209 - Ce vers, qui répond à un épisode du commencement de L’Enfer (voir la note 14), est la meilleure réponse à ceux qui considèrent que l’allégorie du Lévrier désigne une personne déterminée. Dante appelle de tous ses voeux ce Lévrier vengeur ; mais il ne sait pas quand il viendra – ce qui prouve assez qu’il ne cache sous ce nom personne de connu.

210 - Exemples de pauvreté vertueuse : ils ne sont plus offerts par des représentations ou par des visions, mais récités par les pénitents du Purgatoire.

211 - Saint Nicolas, évêque de Myre, passe pour avoir doté secrètement trois jeunes filles que leur père, vaincu par la misère, se proposait de livrer à la prostitution.

212 - C’est une tradition qui avait cours un peu partout, au XIVe siècle, et qui fut âprement combattue par les historiens français, du XVIe siècle surtout. Elle n’a aucun fondement historique ; en réalité, Hugues Capet descendait de la famille des ducs de France et comtes de Paris. Dante, qui n’éprouvait aucune sympathie pour la politique des rois de France, s’est emparé d’une légende qui servait ses fins ; on peut d’autant moins l’en accuser, qu’il était sans doute de bonne foi, et qu’il croyait à la réalité de cette tradition.

213 - Nouvelle inexactitude. La race des Carolingiens ne s’était pas éteinte à la mort de Louis V le Fainéant. Charles, duc de Lorraine, s’était mis sur les rangs ; mais il fut fait prisonnier et mourut sans avoir retrouvé la liberté.

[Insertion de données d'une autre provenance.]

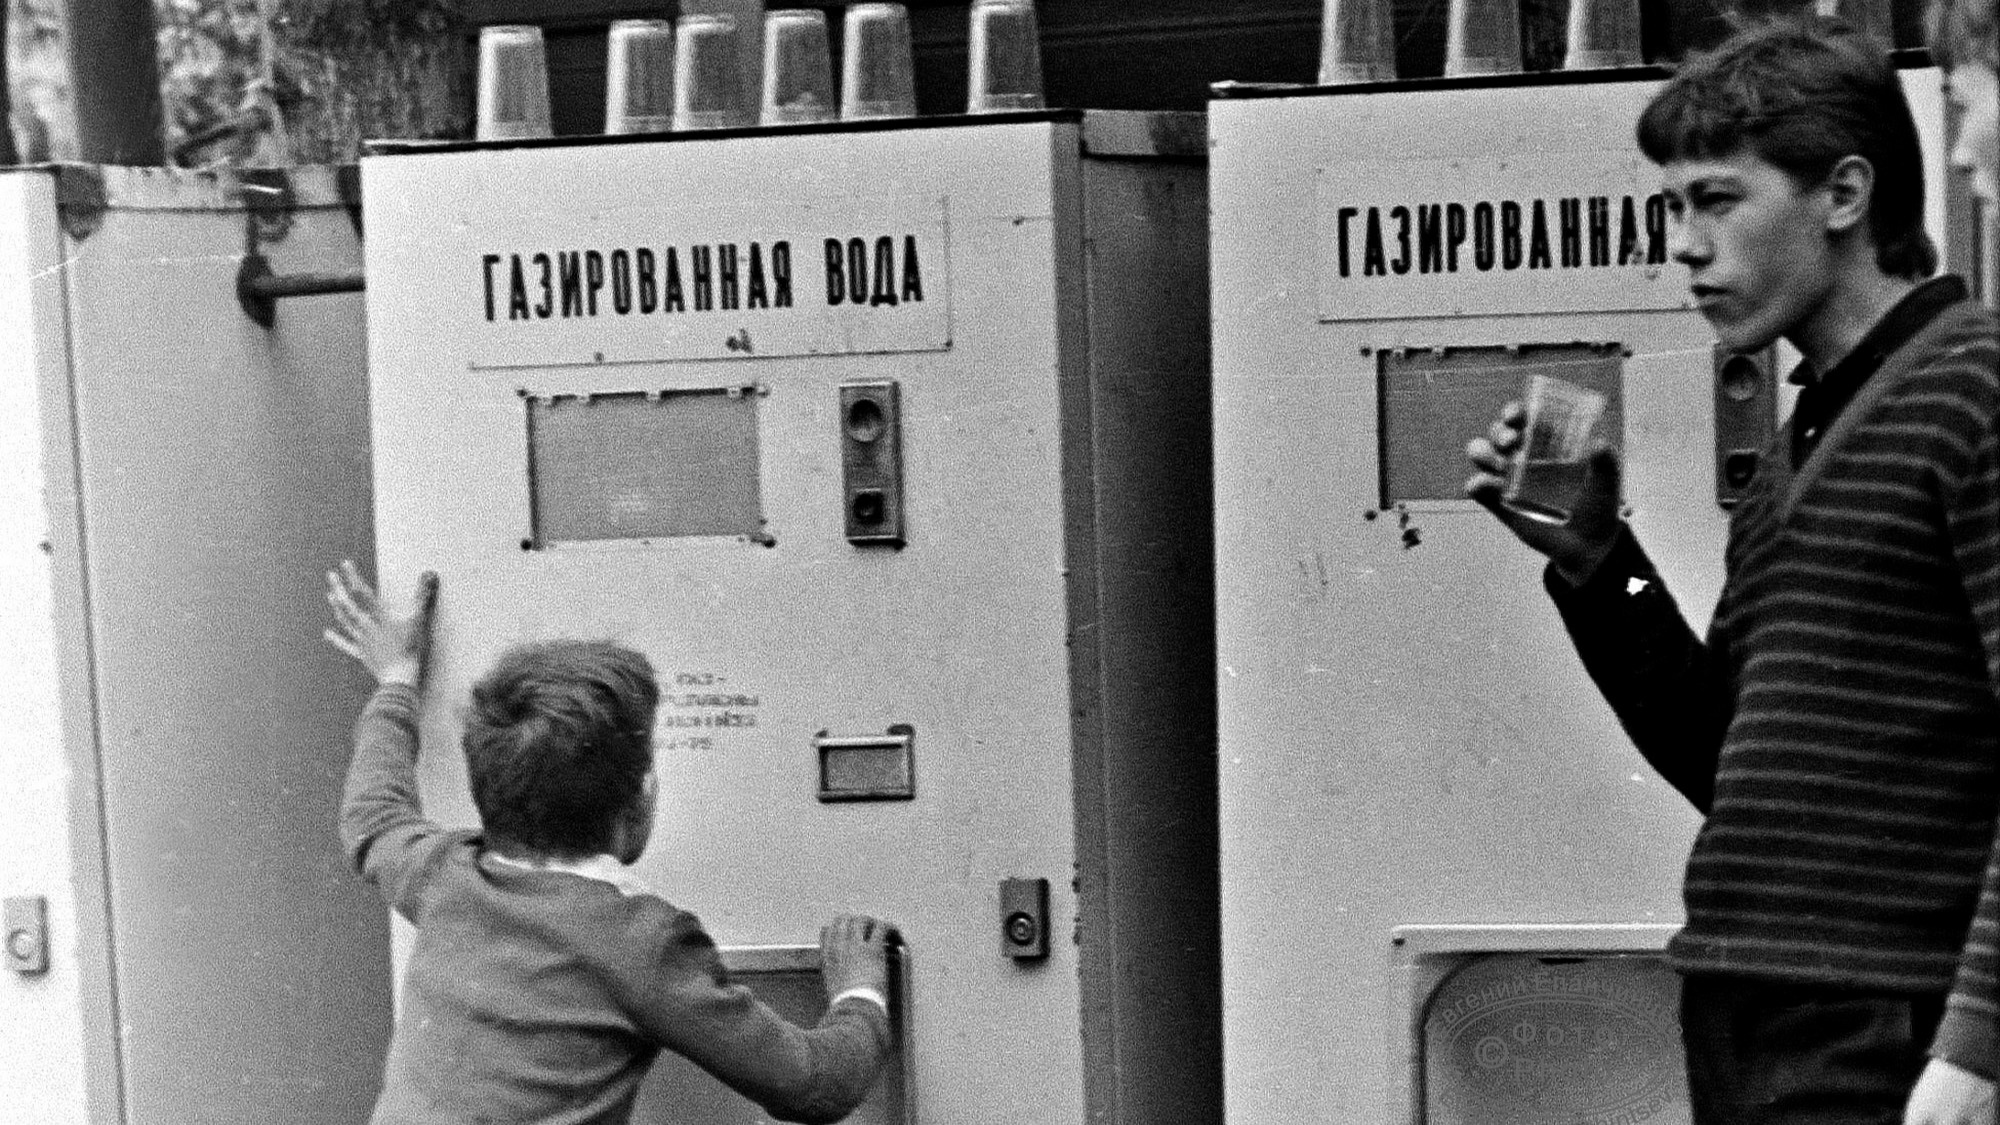 Пили из одного стакана и не брезговали. Какими были советские автоматы с газировкой в Чите?

Ce n’est pas lui qui avait été réduit à la bure, mais le dernier Mérovingien, Chilpéric III, avec qui Dante paraît le confondre.

214 - En réalité, Hugues Capet avait été sacré roi lui-même, en 987.

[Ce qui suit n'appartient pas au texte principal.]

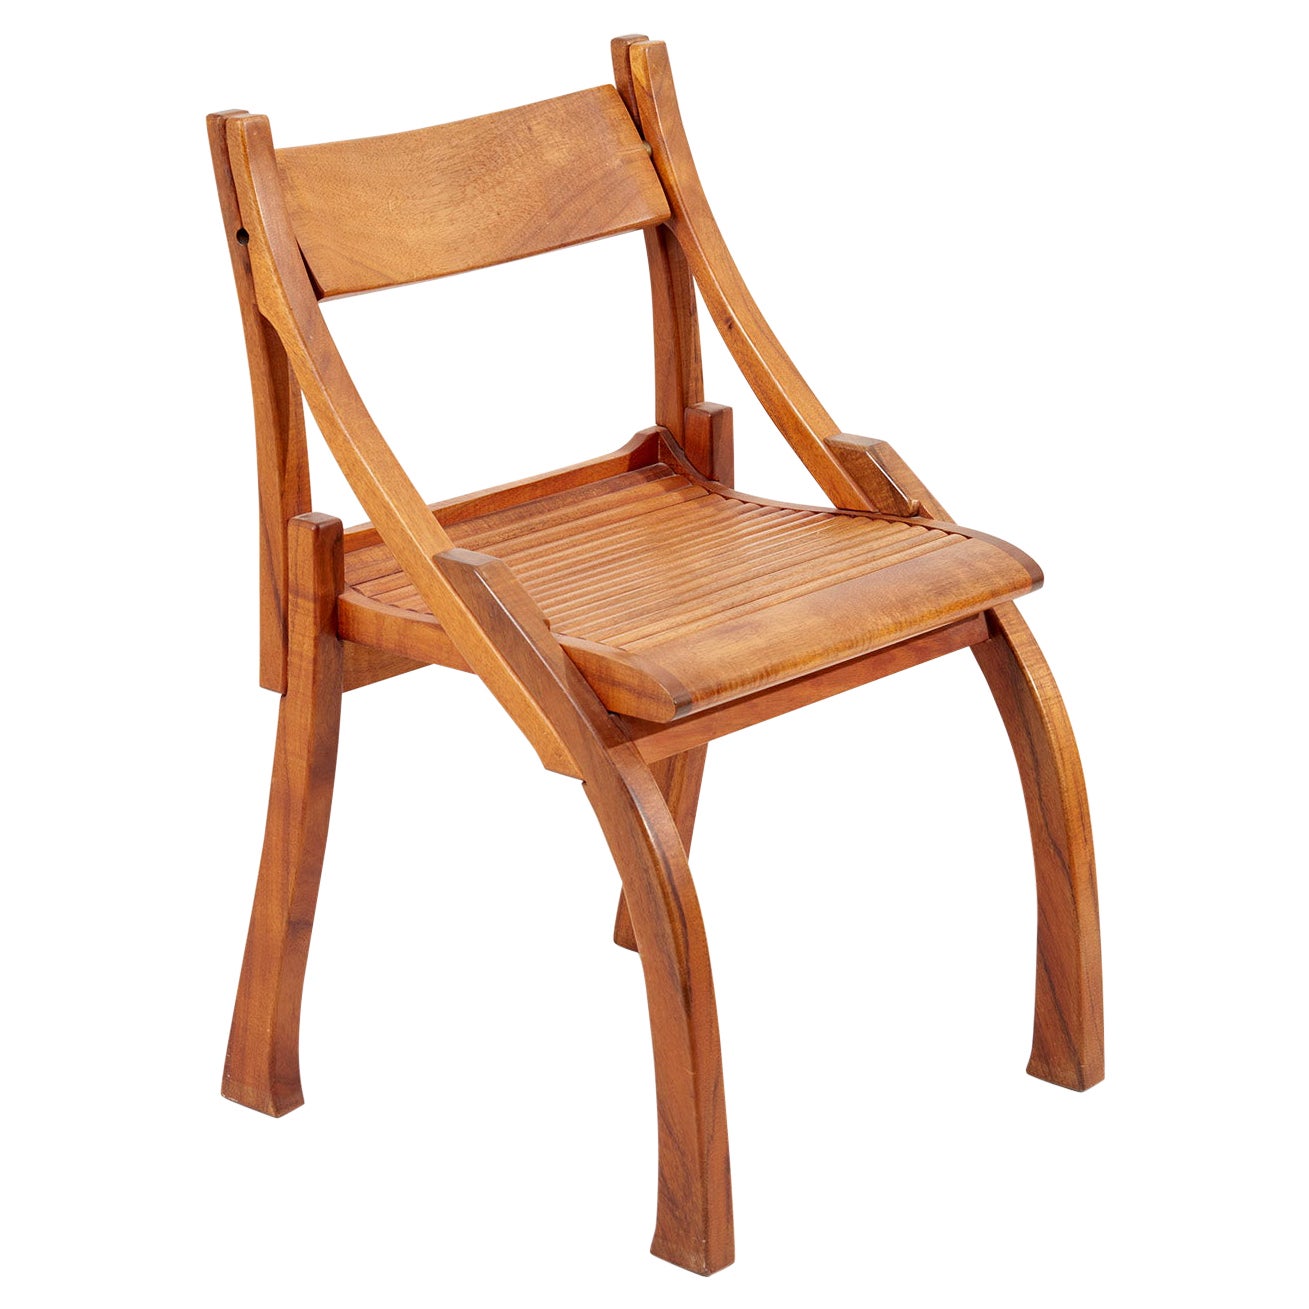 Chair by Bruce Erdman in Koa Wood, 1984 For Sale

215 - Probablement la dot des pays du Midi, apportée à : Louis le Jeune, en 1137, par sa femme, Aliénor de Guienne.

216 - C’est Philippe Auguste qui enleva ces trois provinces à Jean sans Terre, roi d’Angleterre, en 1205 ; mais la Gascogne fut rendue aux Anglais en 1259.

217 - Charles Ier d’Anjou, investi par le pape de la couronne de Naples, qu’il disputa victorieusement à Manfred. Corradin, neveu de ce dernier et dernier prince de la maison de Souabe, voulut reprendre son héritage ; mais il fut trahi à la bataille de Tagliacozzo (1268) et décapité par l’ordre de Charles.

218 - On accusa Charles d’Anjou d’avoir fait mourir Thomas d’Aquin, en 1274 ; mais il n’y a aucune apparence de vérité dans cette affirmation.

219 - Charles de Valois, frère de Philippe le Bel. Appelé en ltalie par Boniface VIII, il entra dans Florence en 1301, et établit le gouvernement des Noirs, qui bannit et ruina aussitôt les Blancs, au parti desquels appartenait Dante lui-même.

220 - Charles II d’Anjou, roi de Naples, prisonnier pendant trois ans du roi d’Aragon (1284-1287) ; il maria sa fille, Béatrice, à Azzo VIII, marquis d’Esté (1305), dans des conditions qui firent de ce mariage une affaire pour lui.

221 - Philippe le Bel envoya Guillaume de Nogaret à Nagni, en septembre 1303, pour s’assurer de la personne du pape Boniface VIII, que Dante détestait d’ailleurs cordialement.

222 - Le procès des Templiers (1305-1312) est cité ici comme une preuve de la cupidité de Philippe le Bel, parce l’Ordre des templiers jouissait d’une grande force et prospérité économique, et que l’on pensait que le roi visait en tout premier lieu à s’approprier leurs biens.

223 - Pygmalion, frère de Didon, assassina son beau-frère Sichée, pour mettre la main sur son trésor.

224 - Acham avait volé une partie du butin fait à Jéricho-il fut tué sur l’ordre de Josué.

225 - Ananie et Saphire moururent pour avoir caché une partie des biens que tout d’abord ils avaient offerts à saint Pierre.

226 - Envoyé par Séleucos pour saisir le trésor du temple de Jérusalem, il fut mis en fuite par les ruades d’un cheval qui apparut miraculeusement.

227 - Polymnestor, roi de Thrace, avait rué son beau-frère pour s’approprier ses richesses.

228 - Marcus Licinius Crassus, tué par ordre de Suréna. Le roi des Parthes, ayant reçu sa tête, lui fit verser de l’or fondu par la bouche, pour calmer sa soif d’or.

229 - Délos était une île flottante, que Neptune avait fait sortir des ondes, pour abriter Latone, poursuivie par Junon, et qui allait donner le jour à Apollon et à Diane, « les deux yeux de la voûte ». C’est Jupiter qui rendit ensuite cette île stable, comme récompense.

230 - Les bergers auxquels les anges l’avaient chanté, pour leur annoncer la naissance du Christ.